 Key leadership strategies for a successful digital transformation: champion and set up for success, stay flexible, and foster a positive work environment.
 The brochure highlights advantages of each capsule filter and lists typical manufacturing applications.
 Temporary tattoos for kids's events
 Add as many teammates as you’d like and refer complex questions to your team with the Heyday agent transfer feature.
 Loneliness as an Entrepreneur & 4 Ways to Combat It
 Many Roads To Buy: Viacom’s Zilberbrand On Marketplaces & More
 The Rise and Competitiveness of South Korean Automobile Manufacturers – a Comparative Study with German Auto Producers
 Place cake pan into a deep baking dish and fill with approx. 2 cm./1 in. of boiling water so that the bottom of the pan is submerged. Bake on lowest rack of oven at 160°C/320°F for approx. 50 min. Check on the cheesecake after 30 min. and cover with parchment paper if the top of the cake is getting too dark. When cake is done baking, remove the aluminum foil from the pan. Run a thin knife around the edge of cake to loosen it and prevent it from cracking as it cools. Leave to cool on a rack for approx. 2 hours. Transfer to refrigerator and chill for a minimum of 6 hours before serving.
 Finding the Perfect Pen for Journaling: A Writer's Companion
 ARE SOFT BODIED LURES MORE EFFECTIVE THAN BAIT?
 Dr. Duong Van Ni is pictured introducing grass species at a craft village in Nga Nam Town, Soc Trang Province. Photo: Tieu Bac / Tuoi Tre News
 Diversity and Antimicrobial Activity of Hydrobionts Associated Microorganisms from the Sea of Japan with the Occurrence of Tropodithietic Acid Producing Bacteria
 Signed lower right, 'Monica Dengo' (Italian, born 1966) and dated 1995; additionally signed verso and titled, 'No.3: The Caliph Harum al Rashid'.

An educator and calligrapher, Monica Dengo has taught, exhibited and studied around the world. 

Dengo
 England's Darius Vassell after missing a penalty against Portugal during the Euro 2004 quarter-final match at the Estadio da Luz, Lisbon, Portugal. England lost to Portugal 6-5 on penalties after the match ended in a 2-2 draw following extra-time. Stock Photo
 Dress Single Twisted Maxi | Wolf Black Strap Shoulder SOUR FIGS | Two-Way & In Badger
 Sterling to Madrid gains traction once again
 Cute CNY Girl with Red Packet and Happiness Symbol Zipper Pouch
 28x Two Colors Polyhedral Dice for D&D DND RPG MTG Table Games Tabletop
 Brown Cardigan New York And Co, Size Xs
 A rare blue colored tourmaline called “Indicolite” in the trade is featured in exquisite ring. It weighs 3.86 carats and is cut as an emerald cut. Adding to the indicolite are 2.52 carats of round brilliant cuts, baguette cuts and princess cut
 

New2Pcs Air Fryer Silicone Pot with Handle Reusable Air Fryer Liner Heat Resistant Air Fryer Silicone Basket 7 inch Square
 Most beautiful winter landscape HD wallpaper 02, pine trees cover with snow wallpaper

[Required action]:
The expected output is the complete listing, word for word.

[Answer box]:
 Key leadership strategies for a successful digital transformation: champion and set up for success, stay flexible, and foster a positive work environment.
 The brochure highlights advantages of each capsule filter and lists typical manufacturing applications.
 Temporary tattoos for kids's events
 Add as many teammates as you’d like and refer complex questions to your team with the Heyday agent transfer feature.
 Loneliness as an Entrepreneur & 4 Ways to Combat It
 Many Roads To Buy: Viacom’s Zilberbrand On Marketplaces & More
 The Rise and Competitiveness of South Korean Automobile Manufacturers – a Comparative Study with German Auto Producers
 Place cake pan into a deep baking dish and fill with approx. 2 cm./1 in. of boiling water so that the bottom of the pan is submerged. Bake on lowest rack of oven at 160°C/320°F for approx. 50 min. Check on the cheesecake after 30 min. and cover with parchment paper if the top of the cake is getting too dark. When cake is done baking, remove the aluminum foil from the pan. Run a thin knife around the edge of cake to loosen it and prevent it from cracking as it cools. Leave to cool on a rack for approx. 2 hours. Transfer to refrigerator and chill for a minimum of 6 hours before serving.
 Finding the Perfect Pen for Journaling: A Writer's Companion
 ARE SOFT BODIED LURES MORE EFFECTIVE THAN BAIT?
 Dr. Duong Van Ni is pictured introducing grass species at a craft village in Nga Nam Town, Soc Trang Province. Photo: Tieu Bac / Tuoi Tre News
 Diversity and Antimicrobial Activity of Hydrobionts Associated Microorganisms from the Sea of Japan with the Occurrence of Tropodithietic Acid Producing Bacteria
 Signed lower right, 'Monica Dengo' (Italian, born 1966) and dated 1995; additionally signed verso and titled, 'No.3: The Caliph Harum al Rashid'.

An educator and calligrapher, Monica Dengo has taught, exhibited and studied around the world. 

Dengo
 England's Darius Vassell after missing a penalty against Portugal during the Euro 2004 quarter-final match at the Estadio da Luz, Lisbon, Portugal. England lost to Portugal 6-5 on penalties after the match ended in a 2-2 draw following extra-time. Stock Photo
 Dress Single Twisted Maxi | Wolf Black Strap Shoulder SOUR FIGS | Two-Way & In Badger
 Sterling to Madrid gains traction once again
 Cute CNY Girl with Red Packet and Happiness Symbol Zipper Pouch
 28x Two Colors Polyhedral Dice for D&D DND RPG MTG Table Games Tabletop
 Brown Cardigan New York And Co, Size Xs
 A rare blue colored tourmaline called “Indicolite” in the trade is featured in exquisite ring. It weighs 3.86 carats and is cut as an emerald cut. Adding to the indicolite are 2.52 carats of round brilliant cuts, baguette cuts and princess cut
 

New2Pcs Air Fryer Silicone Pot with Handle Reusable Air Fryer Liner Heat Resistant Air Fryer Silicone Basket 7 inch Square
 Most beautiful winter landscape HD wallpaper 02, pine trees cover with snow wallpaper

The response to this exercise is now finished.